# ars antiqua obscur avant-garde music, does sutch thing exist?



## deprofundis (Apr 25, 2014)

Ockay im looking for paradox since i get a nack out of this everytime, were they during ars antiqua bold music like ars subtilior movement equivalent to ars antiqua.In other words were they unusual
music that should not exist, remote and isolated case of bold captivating avant-garde music
for it's time.

Any im pretty sure there were odd polyphonie back than, im looking for forgotten classical music only recently discover that is fascinating wierds and complex chants religious or seculars.
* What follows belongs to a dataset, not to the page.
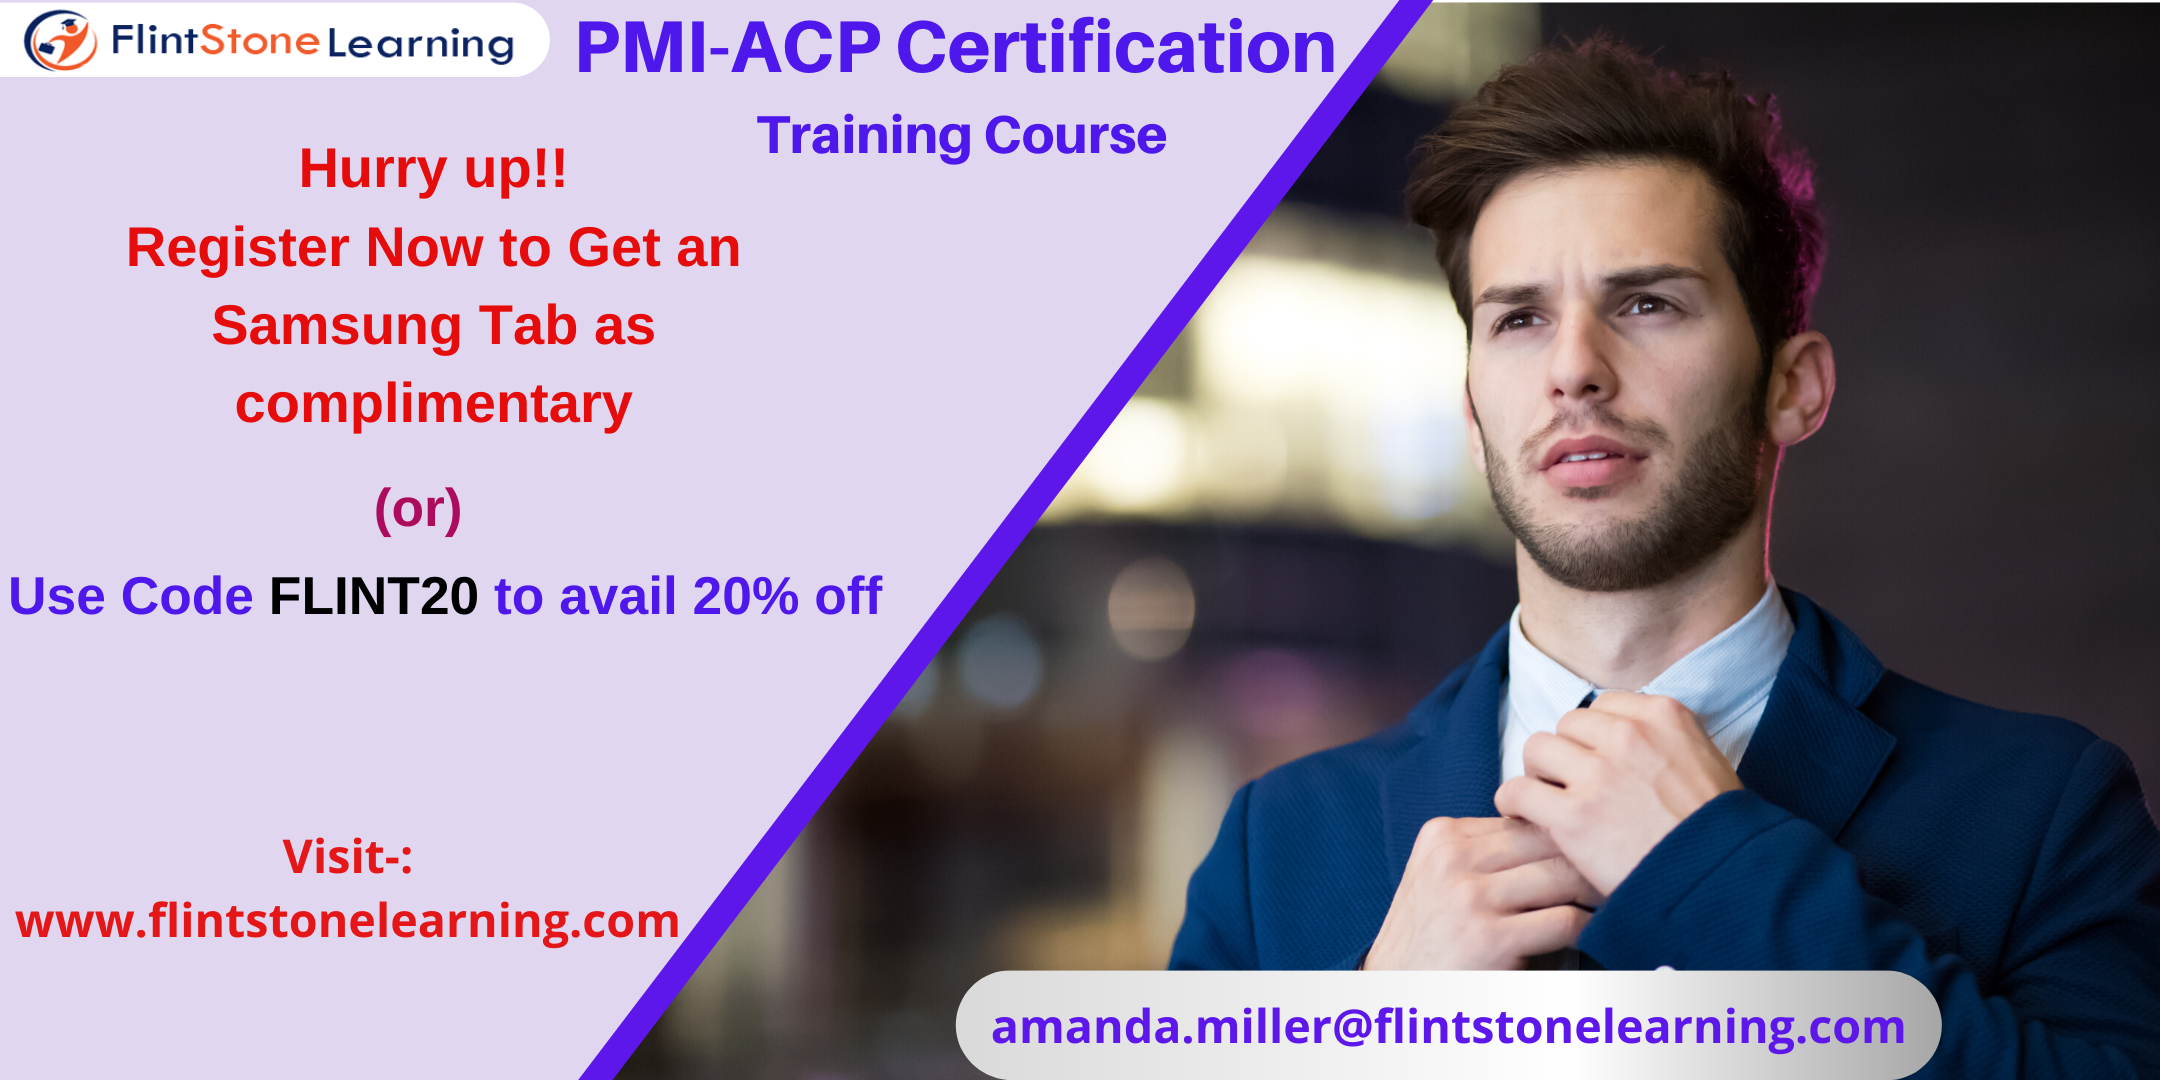 PMI-ACP Certification Training Course in Downey, CA

Im looking for something that sound like very little on the planet , let's says Avant -garde Ars antiqua
or if you preffer antique arts of avant-.

What is unreal for ars antiqua perriod, i whant to be flabbergeist to the beyond...

:tiphat:

Sorry for having wierd request i consider myself a classcal ''gourmet'' and classical is food for the mind and i love ars antiqua even if everyone hate this stuff...

On another subject i wish to hear one day atonal gregorian music, if i though of this , it most exist since everything exist , than this is my theory.

Have a nice day folks your pal deprofundis :tiphat:


----------



## Mandryka (Feb 22, 2013)

Try Hans Joachim Hespos


----------